ここは月の裏側の、どこからも断絶された実験プラントだ。長期の星間旅行のための、外界から全く干渉を受けないよう配慮された閉鎖空間、それがここだ。食べる物は全て……動物性のアミノ酸すらも化学合成したモノだ。僕らはもう何世代も前から、他の命を絶って食べるという習慣を持っていない。故に、殺し方もよく分かってないのだ。殺し方など、知識でしか知らない。

遺伝子操作で創った植物プランクトンを主軸にエネルギー循環システムを回し、ようやくそれが軌道に乗ったところだ。少しだけ余裕もできた。持ち込んだ苗木と種から作物を育て、初めての収穫を得たところだったのに。

彼の切り傷の角度はどうだったのだろう。それを調べれば、自殺か他殺かくらいは分からないだろうか。いや、そんなことはキャプテンだってとっくに思いついているのだ。犯人捜しをすべきかどうかで悩んでいるのだ。

 僕がわずかの間に見て取ったこと。彼の傷にためらった様子はなく、すっぱり一太刀。すごい勢いで血が噴き出し、血のほぼ全てが当たりの培養土にしみこんでしまった。それだけ。

 僕はふと想像する。

 チャーリーの死体が片付けられて……この培養土で新たに何かを育てたら、その実は彼の味がするのだろうか、と。実際にはあり得ない。彼の成分は地中のバクテリアが分解して別のモノになる。
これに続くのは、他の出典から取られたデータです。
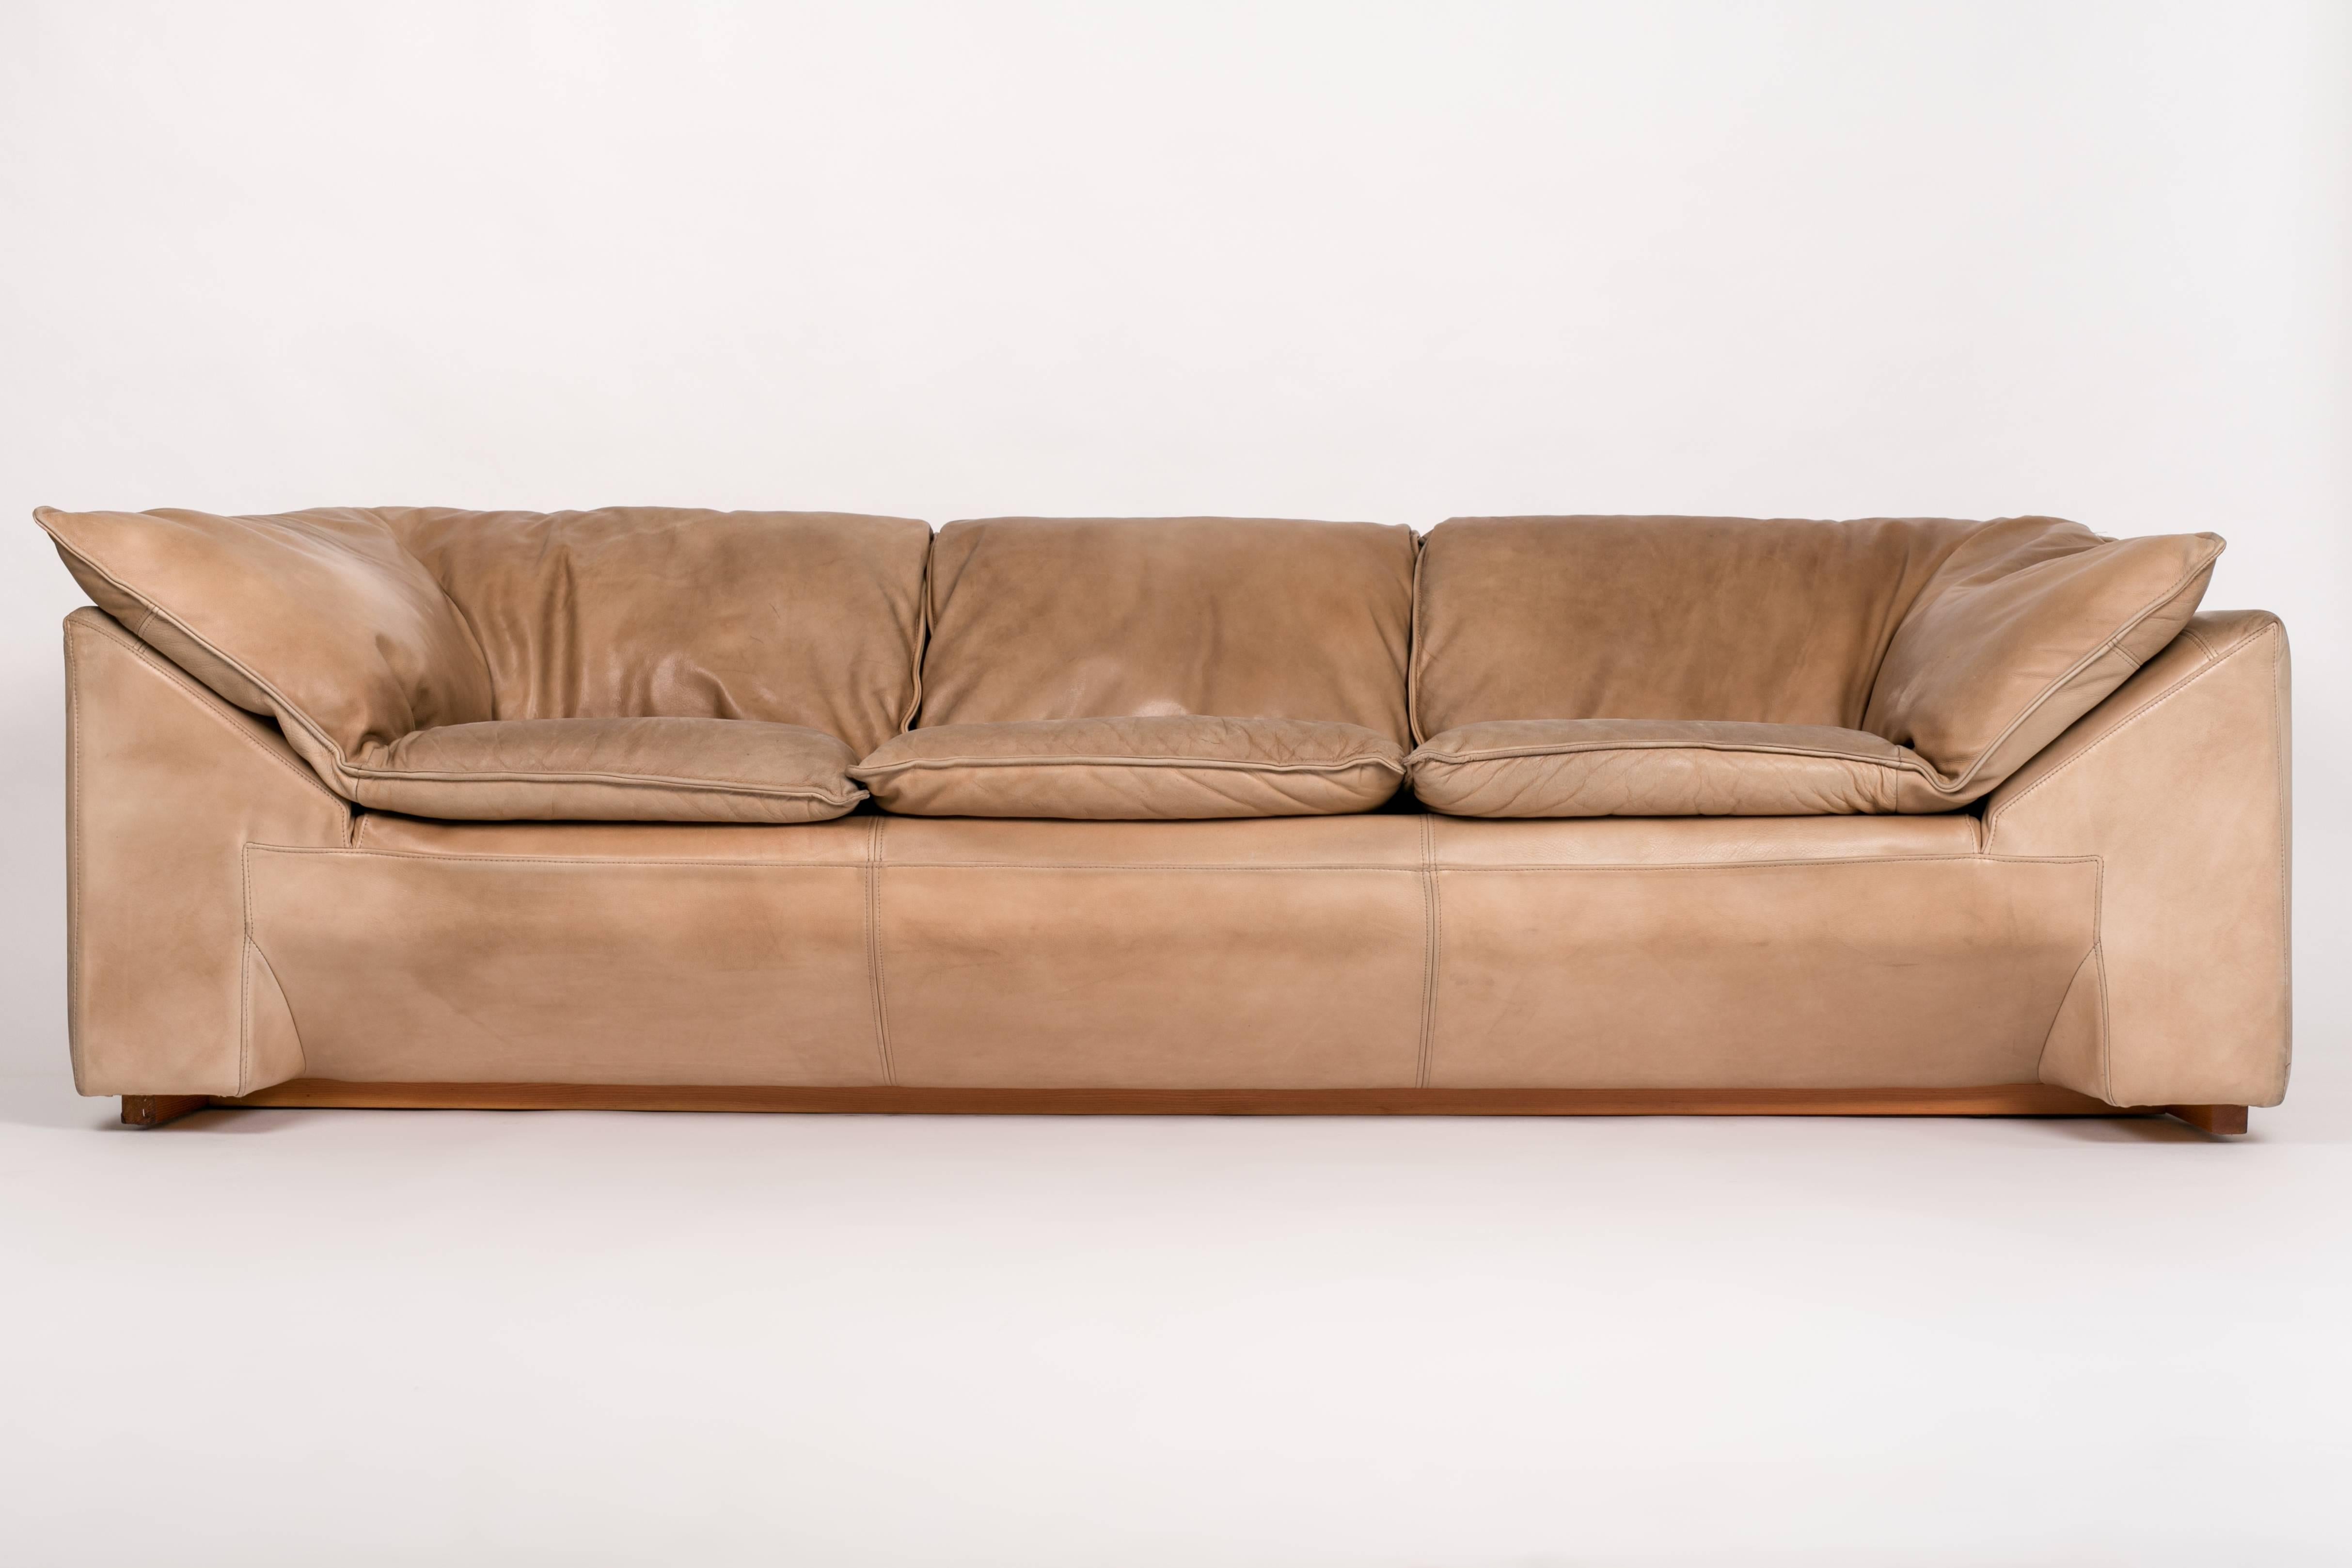 A generous, three-seat sofa designed by Jens Juul Eilersen for his family company, Niels Eilersen in the 1970s. The sofa has an upholstered, solid wood frame on a recessed wooden base. The seat is defined by luxurious down cushions, stylistically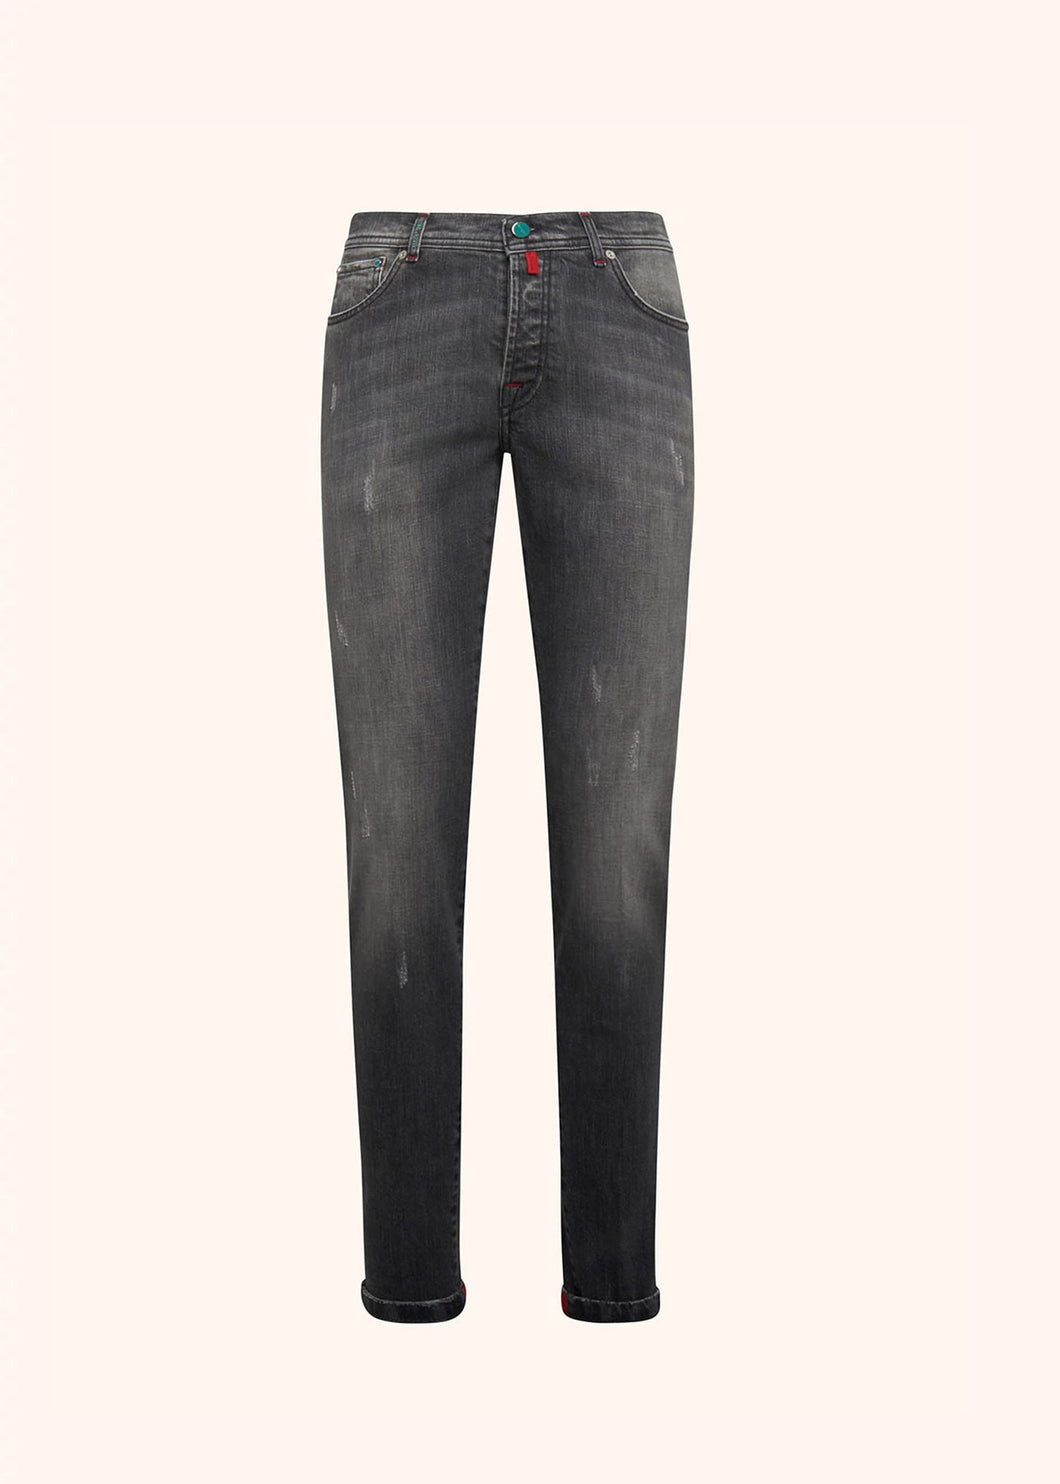 Kiton black trousers for man, made of cotton

そもそも、彼の味とは何だ? 彼の味がするとして、彼を……人間の味を知らない僕が同じかどうかを判定できるとも思えない。

 そんな妙なことを考える。

 育てるまでもない。彼の血がたっぷりかかったトマトは厨房に並べられている。苗木を始末するにあたり、食べ物を廃棄していいものかどうか迷って、結局、熟した実を洗って厨房に運んだらしい。すっかり洗浄され、洗い流され、そのトマトはツヤツヤと光沢を放ってカウンターの上に並べられているらしい。けれど、手を伸ばす者はいない。多分、現れない。

「どうして……」

 シドが何か呟いた。多分、続きは分かる気がする。

「どうなるんだろうね。地球に連絡取って判断を仰ぐのか、それとも、これも克服すべき課題としてこのまま続けるのか……」

 窓に視線を向ける。正確には、窓のようにデザインされたモニターだ。外の様子をそこに映している。いつもと変わらない星空。今は夕暮れ期で、太陽は地平の際で存在を主張している。地球は……当然見えない。

 もし、このまま隔絶実験を続行するのなら……。

 僕は想像を続ける。

 彼の、チャーリーの遺骸をどう処理するのだろう。もちろん、途中で誰かが死亡するケースは想定されていた。その場合の対処も処理法もマニュアルにあるはずだ。でも、僕はそれを知らない。どうだったろうか。廃棄? それとも、コンポストで分解処理?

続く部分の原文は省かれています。